- _Collection entries_:
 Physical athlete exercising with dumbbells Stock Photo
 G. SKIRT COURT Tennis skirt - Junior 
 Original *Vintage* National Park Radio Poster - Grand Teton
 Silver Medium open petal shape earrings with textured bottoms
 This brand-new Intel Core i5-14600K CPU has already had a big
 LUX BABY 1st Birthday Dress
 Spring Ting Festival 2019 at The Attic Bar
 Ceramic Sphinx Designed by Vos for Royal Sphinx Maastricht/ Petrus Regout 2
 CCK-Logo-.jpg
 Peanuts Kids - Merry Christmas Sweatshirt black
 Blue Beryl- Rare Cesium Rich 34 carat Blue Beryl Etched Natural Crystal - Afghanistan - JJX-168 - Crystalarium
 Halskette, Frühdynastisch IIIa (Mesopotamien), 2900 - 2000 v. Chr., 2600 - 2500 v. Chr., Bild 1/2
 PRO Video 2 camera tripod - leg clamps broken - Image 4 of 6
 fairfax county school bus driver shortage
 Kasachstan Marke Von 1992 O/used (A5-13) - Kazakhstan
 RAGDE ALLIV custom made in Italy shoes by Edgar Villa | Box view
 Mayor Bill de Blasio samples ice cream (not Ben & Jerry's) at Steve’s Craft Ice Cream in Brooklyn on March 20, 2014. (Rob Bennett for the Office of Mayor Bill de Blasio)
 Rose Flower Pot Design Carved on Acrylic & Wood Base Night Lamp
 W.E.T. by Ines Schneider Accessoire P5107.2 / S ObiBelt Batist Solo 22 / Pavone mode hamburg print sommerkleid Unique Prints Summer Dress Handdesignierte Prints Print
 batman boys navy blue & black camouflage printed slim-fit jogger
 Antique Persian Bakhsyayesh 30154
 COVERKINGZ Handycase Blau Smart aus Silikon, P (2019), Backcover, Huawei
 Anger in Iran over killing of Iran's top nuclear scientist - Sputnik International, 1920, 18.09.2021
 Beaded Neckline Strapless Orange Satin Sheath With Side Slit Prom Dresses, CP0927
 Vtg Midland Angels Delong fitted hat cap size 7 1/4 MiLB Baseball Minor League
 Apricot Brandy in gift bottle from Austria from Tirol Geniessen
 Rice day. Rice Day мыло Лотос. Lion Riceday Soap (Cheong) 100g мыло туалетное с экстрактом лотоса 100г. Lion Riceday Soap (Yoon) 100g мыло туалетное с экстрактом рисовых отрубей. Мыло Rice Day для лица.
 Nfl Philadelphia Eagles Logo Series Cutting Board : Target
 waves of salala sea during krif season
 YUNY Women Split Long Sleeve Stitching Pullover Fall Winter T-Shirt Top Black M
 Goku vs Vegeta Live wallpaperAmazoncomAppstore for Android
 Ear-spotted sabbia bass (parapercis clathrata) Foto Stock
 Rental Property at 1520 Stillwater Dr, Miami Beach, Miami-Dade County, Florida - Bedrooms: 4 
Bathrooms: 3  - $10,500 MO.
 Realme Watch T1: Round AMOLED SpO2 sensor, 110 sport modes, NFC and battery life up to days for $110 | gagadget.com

- _INSTRUCTIONS FOR THE TASK_: The records above must be retyped in full, exactly as written.

- _SOLUTION FOR THIS TASK_:
 Physical athlete exercising with dumbbells Stock Photo
 G. SKIRT COURT Tennis skirt - Junior 
 Original *Vintage* National Park Radio Poster - Grand Teton
 Silver Medium open petal shape earrings with textured bottoms
 This brand-new Intel Core i5-14600K CPU has already had a big
 LUX BABY 1st Birthday Dress
 Spring Ting Festival 2019 at The Attic Bar
 Ceramic Sphinx Designed by Vos for Royal Sphinx Maastricht/ Petrus Regout 2
 CCK-Logo-.jpg
 Peanuts Kids - Merry Christmas Sweatshirt black
 Blue Beryl- Rare Cesium Rich 34 carat Blue Beryl Etched Natural Crystal - Afghanistan - JJX-168 - Crystalarium
 Halskette, Frühdynastisch IIIa (Mesopotamien), 2900 - 2000 v. Chr., 2600 - 2500 v. Chr., Bild 1/2
 PRO Video 2 camera tripod - leg clamps broken - Image 4 of 6
 fairfax county school bus driver shortage
 Kasachstan Marke Von 1992 O/used (A5-13) - Kazakhstan
 RAGDE ALLIV custom made in Italy shoes by Edgar Villa | Box view
 Mayor Bill de Blasio samples ice cream (not Ben & Jerry's) at Steve’s Craft Ice Cream in Brooklyn on March 20, 2014. (Rob Bennett for the Office of Mayor Bill de Blasio)
 Rose Flower Pot Design Carved on Acrylic & Wood Base Night Lamp
 W.E.T. by Ines Schneider Accessoire P5107.2 / S ObiBelt Batist Solo 22 / Pavone mode hamburg print sommerkleid Unique Prints Summer Dress Handdesignierte Prints Print
 batman boys navy blue & black camouflage printed slim-fit jogger
 Antique Persian Bakhsyayesh 30154
 COVERKINGZ Handycase Blau Smart aus Silikon, P (2019), Backcover, Huawei
 Anger in Iran over killing of Iran's top nuclear scientist - Sputnik International, 1920, 18.09.2021
 Beaded Neckline Strapless Orange Satin Sheath With Side Slit Prom Dresses, CP0927
 Vtg Midland Angels Delong fitted hat cap size 7 1/4 MiLB Baseball Minor League
 Apricot Brandy in gift bottle from Austria from Tirol Geniessen
 Rice day. Rice Day мыло Лотос. Lion Riceday Soap (Cheong) 100g мыло туалетное с экстрактом лотоса 100г. Lion Riceday Soap (Yoon) 100g мыло туалетное с экстрактом рисовых отрубей. Мыло Rice Day для лица.
 Nfl Philadelphia Eagles Logo Series Cutting Board : Target
 waves of salala sea during krif season
 YUNY Women Split Long Sleeve Stitching Pullover Fall Winter T-Shirt Top Black M
 Goku vs Vegeta Live wallpaperAmazoncomAppstore for Android
 Ear-spotted sabbia bass (parapercis clathrata) Foto Stock
 Rental Property at 1520 Stillwater Dr, Miami Beach, Miami-Dade County, Florida - Bedrooms: 4 
Bathrooms: 3  - $10,500 MO.
 Realme Watch T1: Round AMOLED SpO2 sensor, 110 sport modes, NFC and battery life up to days for $110 | gagadget.com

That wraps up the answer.